Consumed

Time Schedule

Not currently on Air

Overview

Overwhelmed families drowning in their possessions undertake an extreme home experiment. They are challenged to survive for 30 days with only the bare essentials, a few personal items and 10 things to share.

With their worldly possessions temporarily gone, they have no choice but to confront their relationships with each other as well as the effect of clutter in their lives. At the end of the experiment the way they see their material possessions, their homes, and each other is through a different lens. But can families who have fallen prey to the allure of a consumer society and who in turn are consumed by their environment, change?

Episode 1 – The Welches

Bridget and Byron Welch are raising a young family with traditional values. They home-school their three children, have a home church, but are absolutely drowning in their stuff. Bridget is overwhelmed with guilt, believing that she alone is to blame for the chaotic state of their lives. But with Jill’s help, Bridget not only learns that she has the strength and skills to turn her family’s life around but to become the person that she always wanted to be.

Episode 2 – The Fowlers

Joan Fowler is a long-suffering working mother surrounded by men. For economic reasons, her three adult sons are still at home with her and her husband Ron. Together, they have accumulated five lifetimes of stuff that threatens to drown them.
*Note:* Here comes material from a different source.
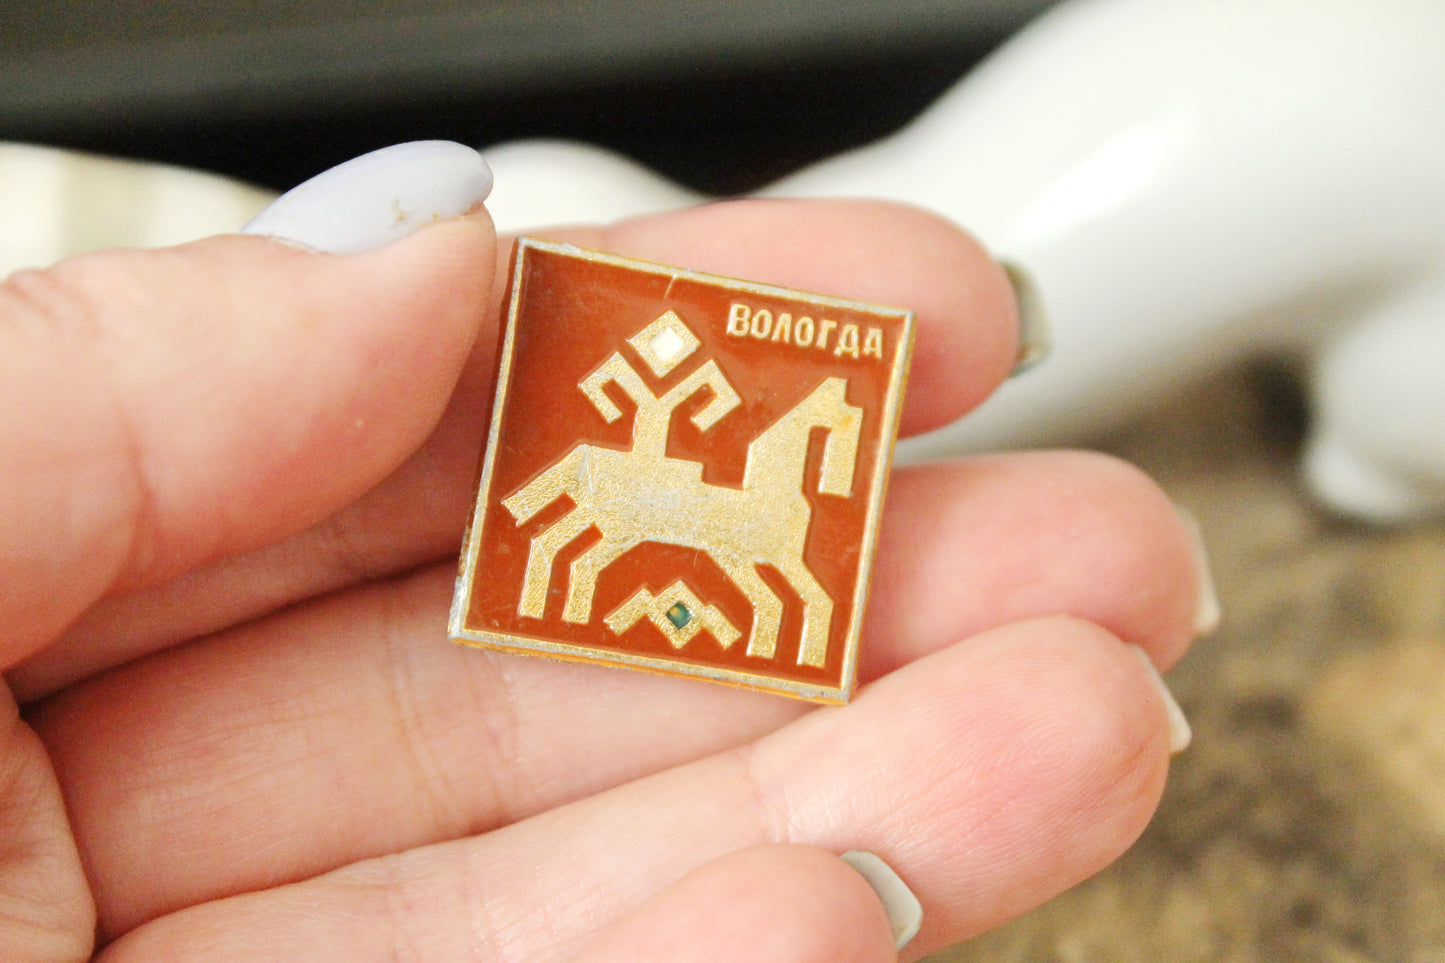 Vintage soviet USSR pin badge - Vologda - USSR pin - vintage soviet badge - 1970s

Rather than cause friction, Joan has decided that to do nothing would be better than fight. Jill disagrees, and she shows Joan how to “crack the whip” and demonstrates that the only way for them to survive to is to work together as a team.

Episode 3 – The Sandhus

Judy Sandhu is a self-proclaimed “queen of recycling” – accumulating things to be put to a better use, which is to her friends and family another way of saying “pack rat”. She lives in a tiny house that is bursting at the seams, with her two daughters aged 13 and and 11. Judy herself was raised in a large, protective family that has left her ill equipped to be a role model for her two girls. Jessica, who is thirteen is really the adult; Mikayla who is eleven is the “baby” and Judy, as Jill would say is really the “teenager”. Jill decides that it’s time for Judy to grow up and to take the responsibility of being mom.

Episode 4 – The Hoffers

Debby Hoffer has never met a pair of shoes or a purse that she did not like. Her passion for material goods makes her small townhouse that she shares with her three daughters look more like a warehouse than a home. Her house is so packed to the brim that her oldest daughter has nowhere of her own to sleep. Jill’s challenge for Debbie is for her to recognize that mere things do not represent security –it’s her relationship with her daughters that has real value.